(Beginning of MATERIAL FOR THE TASK)
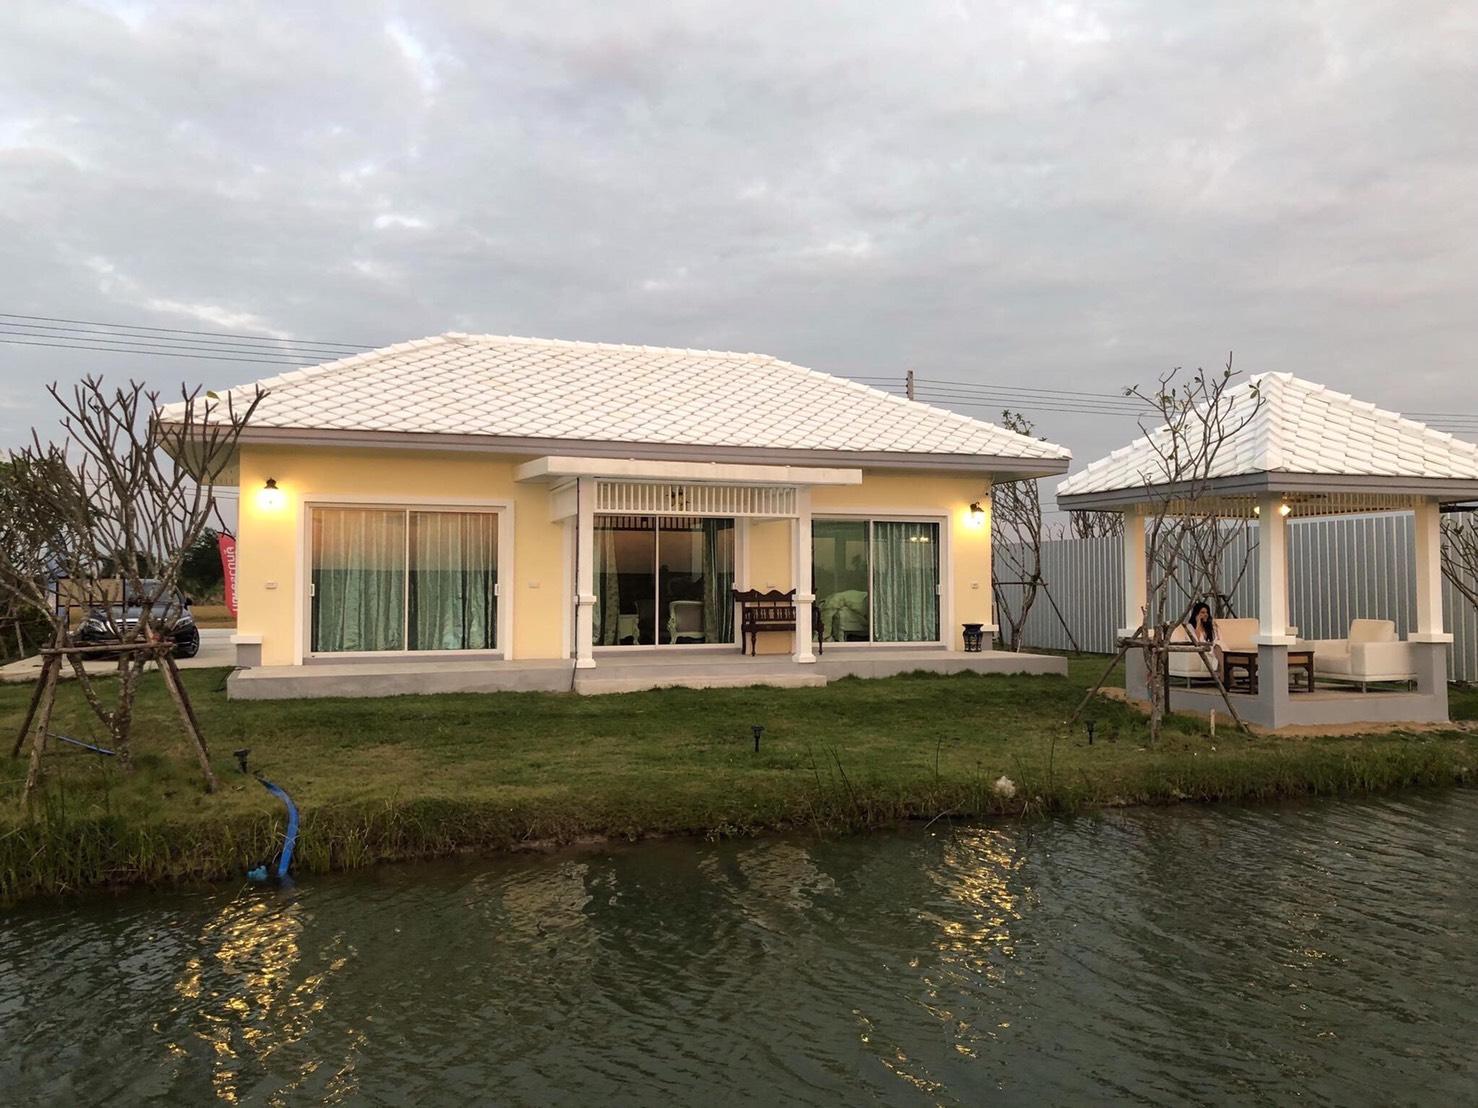 ขายบ้านเดี่ยว โครงการใหม่ บ้านใหม่ สไตล์รัชกาลที่ ๕ ติดริมน้ำทุกหลัง จ. นครปฐม
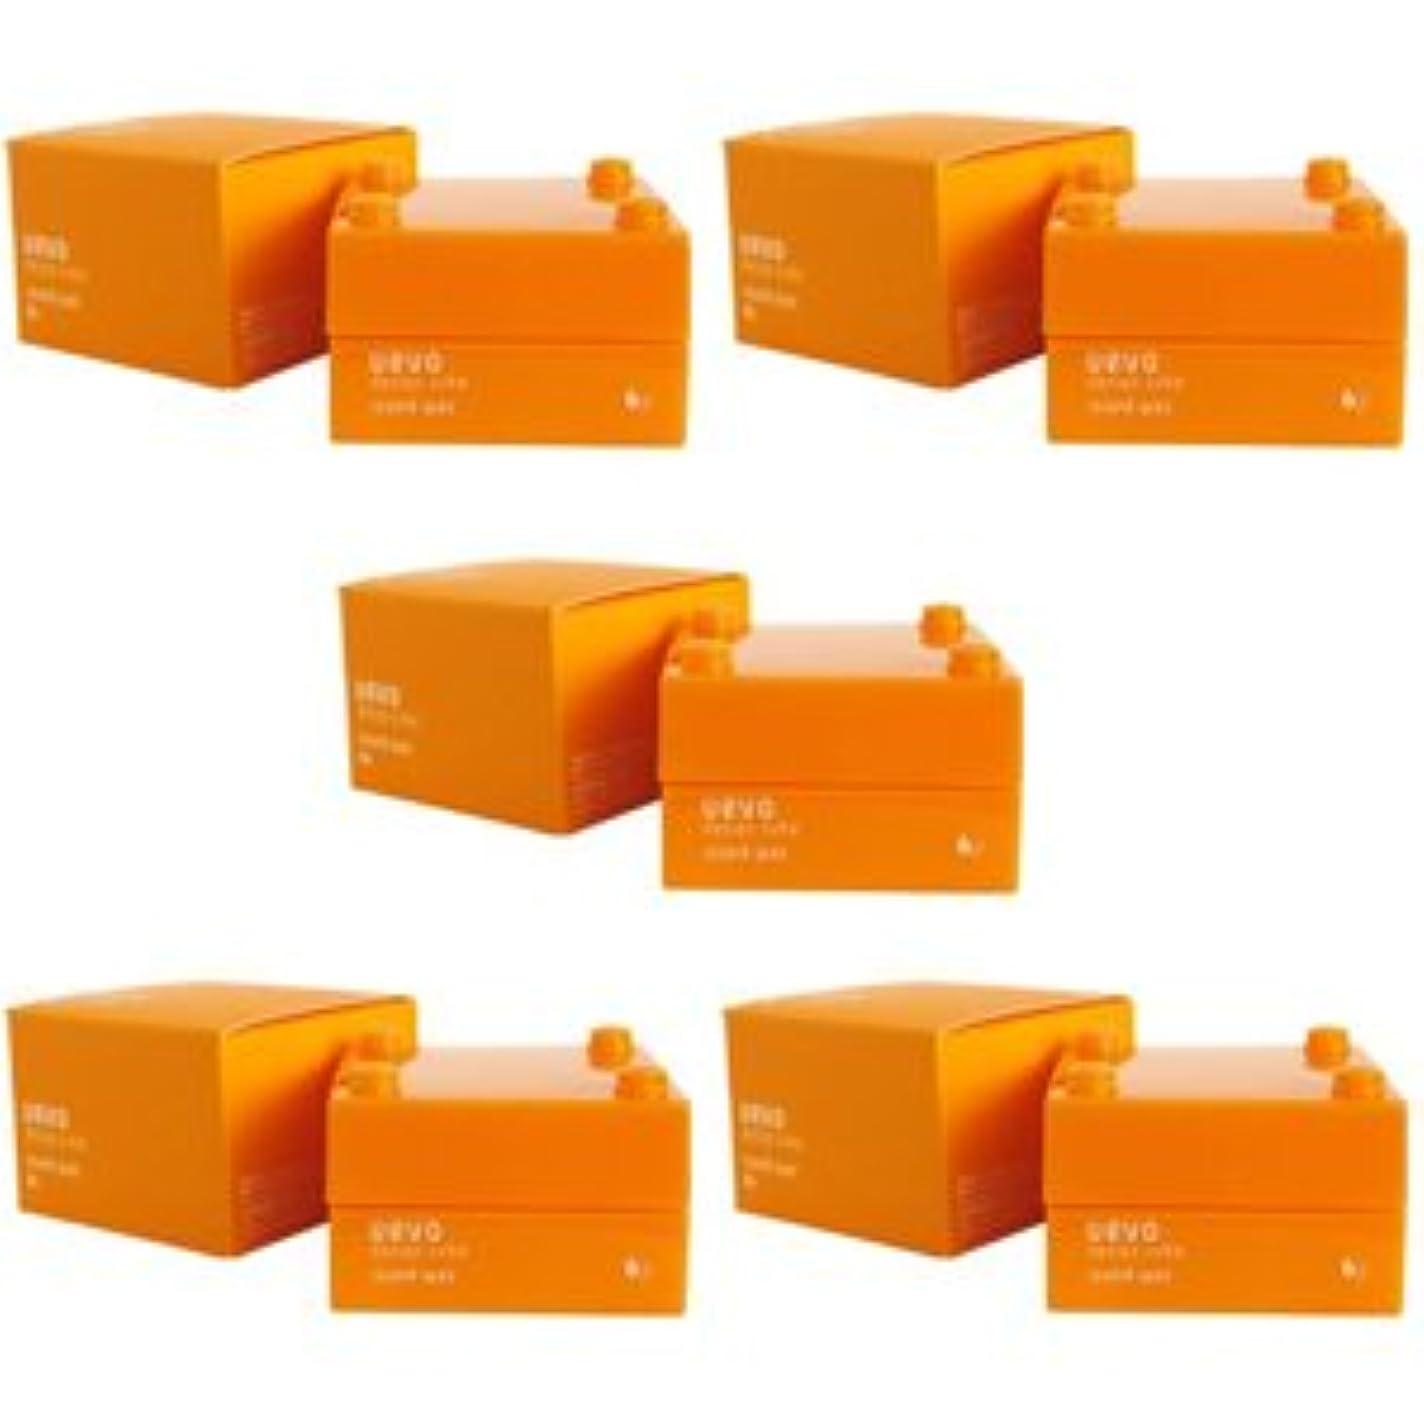 変換課税規模【X5個セット】 デミ ウェーボ デザインキューブ ラウンドワックス 30g round wax DEMI uevo design cube
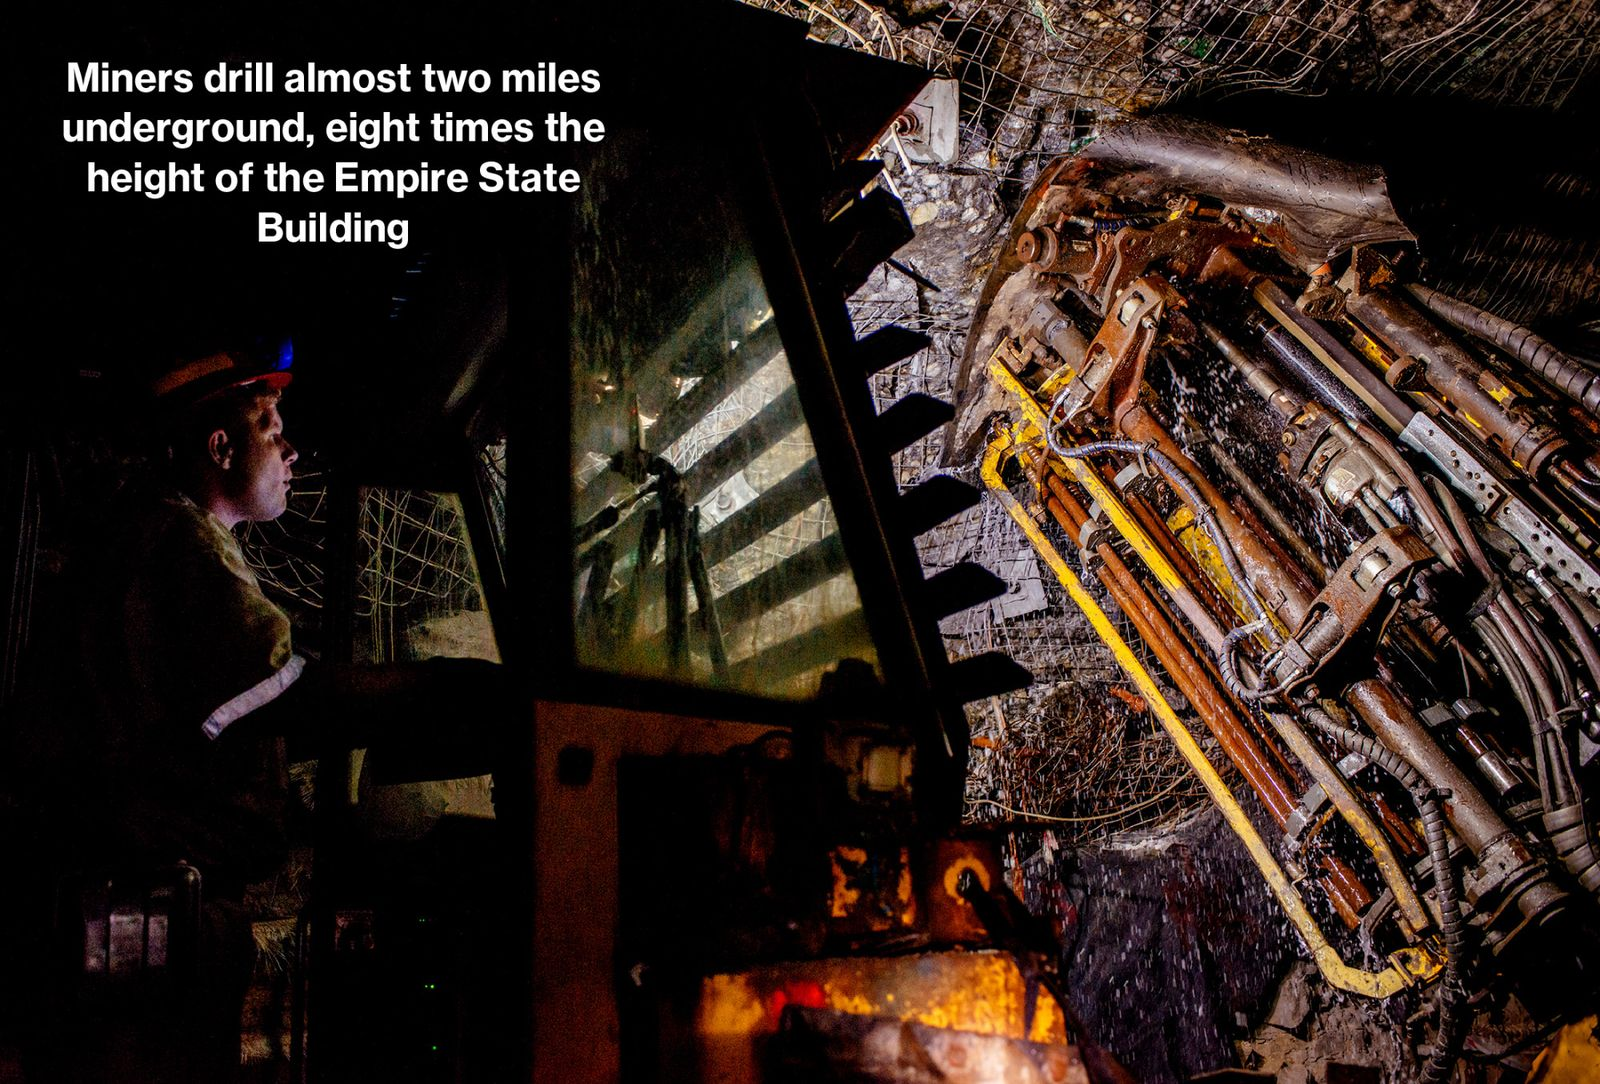 Rocky Wyngaard在South Deep金礦隧道鑽洞,用於固定鐵絲網以防止落下的岩石。 岩面上的洞裡充滿了爆炸物,將礦石破碎成碎石,然後通過自卸卡車、滑槽與升降機將其運送到地面。
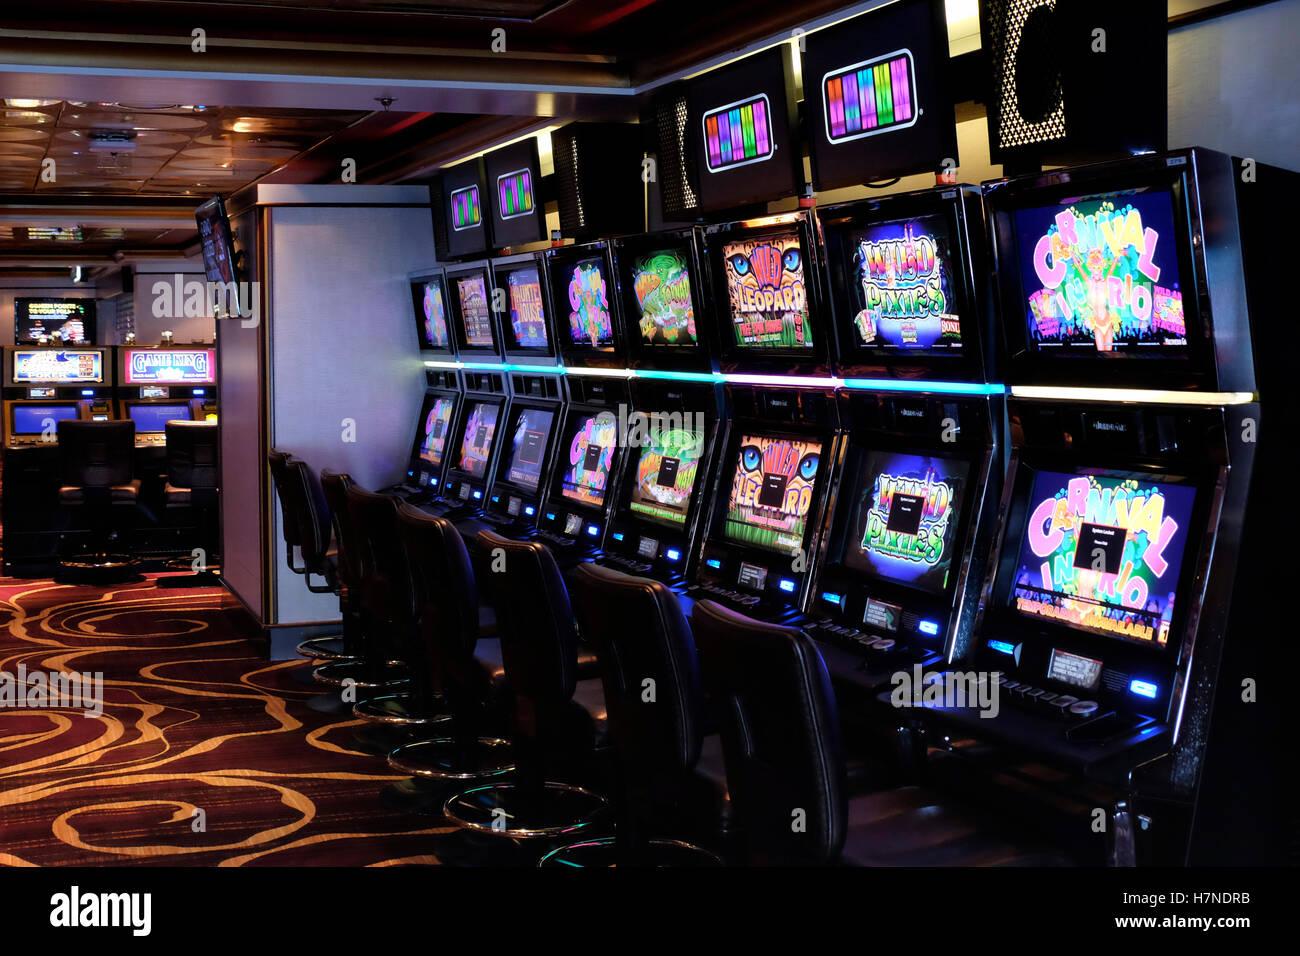 Вильям хилл онлайн казино
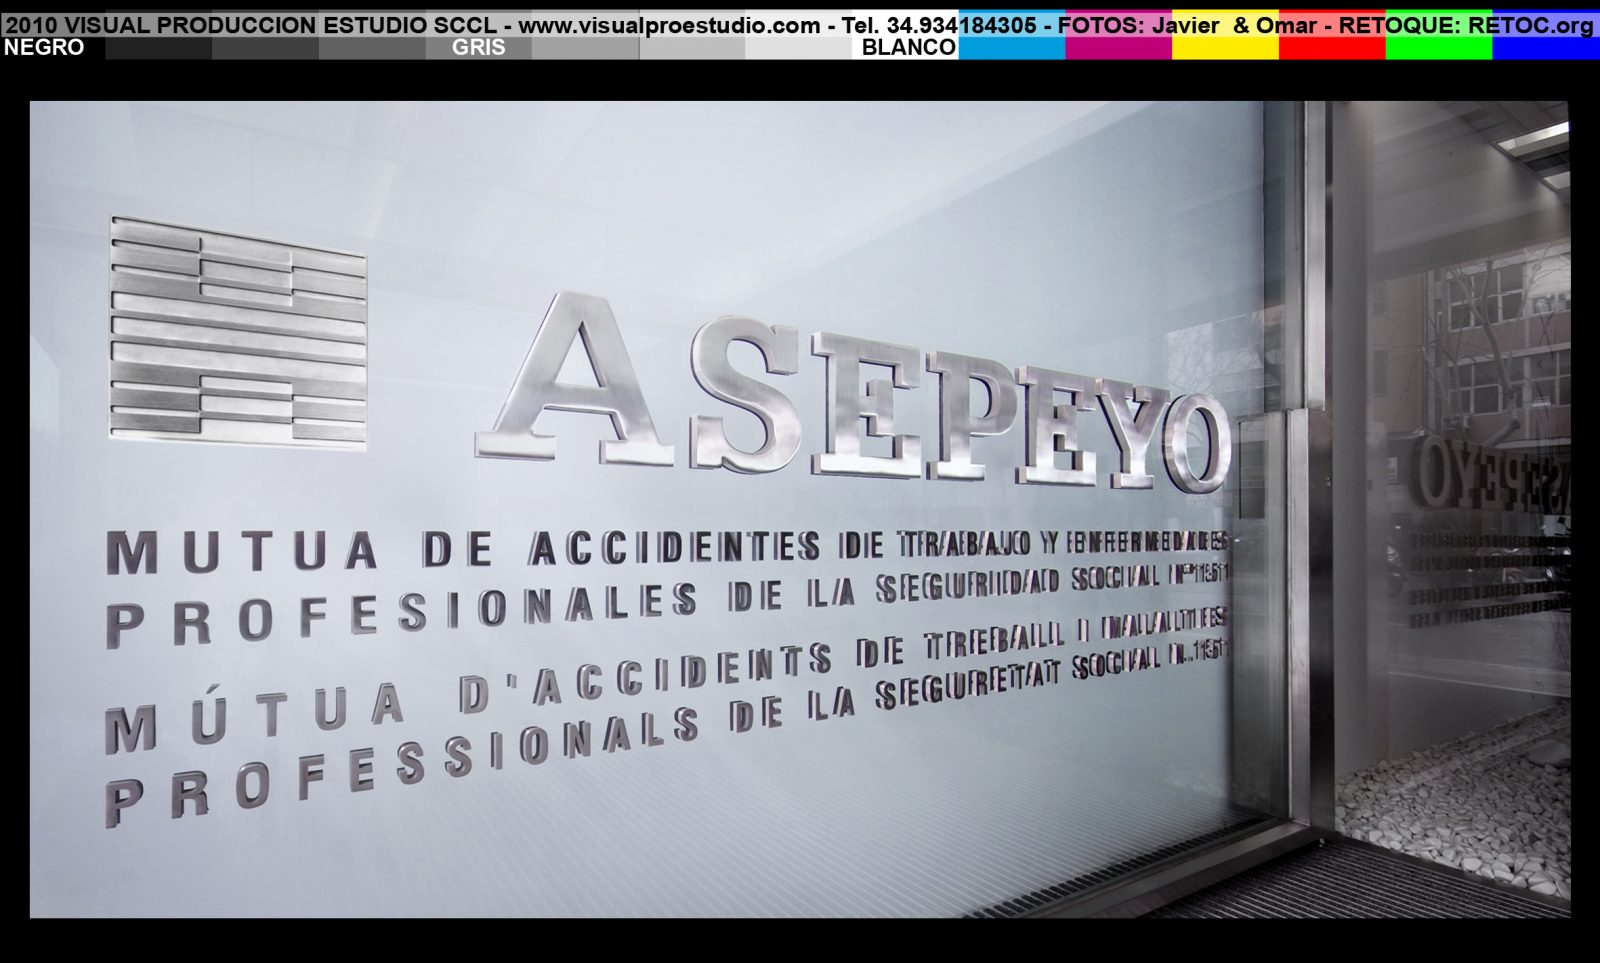 Entrevista al Dr. Fco. Javier López Cantó Director sanitario territorial de Asepeyo en la Comunidad Valenciana
(End of MATERIAL FOR THE TASK)
* **WORK TO COMPLETE**
Retype every record above exactly as written, but leave out the pictures.

* **SOLUTION TO THE PROBLEM**
 ขายบ้านเดี่ยว โครงการใหม่ บ้านใหม่ สไตล์รัชกาลที่ ๕ ติดริมน้ำทุกหลัง จ. นครปฐม
 変換課税規模【X5個セット】 デミ ウェーボ デザインキューブ ラウンドワックス 30g round wax DEMI uevo design cube
 Rocky Wyngaard在South Deep金礦隧道鑽洞,用於固定鐵絲網以防止落下的岩石。 岩面上的洞裡充滿了爆炸物,將礦石破碎成碎石,然後通過自卸卡車、滑槽與升降機將其運送到地面。
 Вильям хилл онлайн казино
 Entrevista al Dr. Fco. Javier López Cantó Director sanitario territorial de Asepeyo en la Comunidad Valenciana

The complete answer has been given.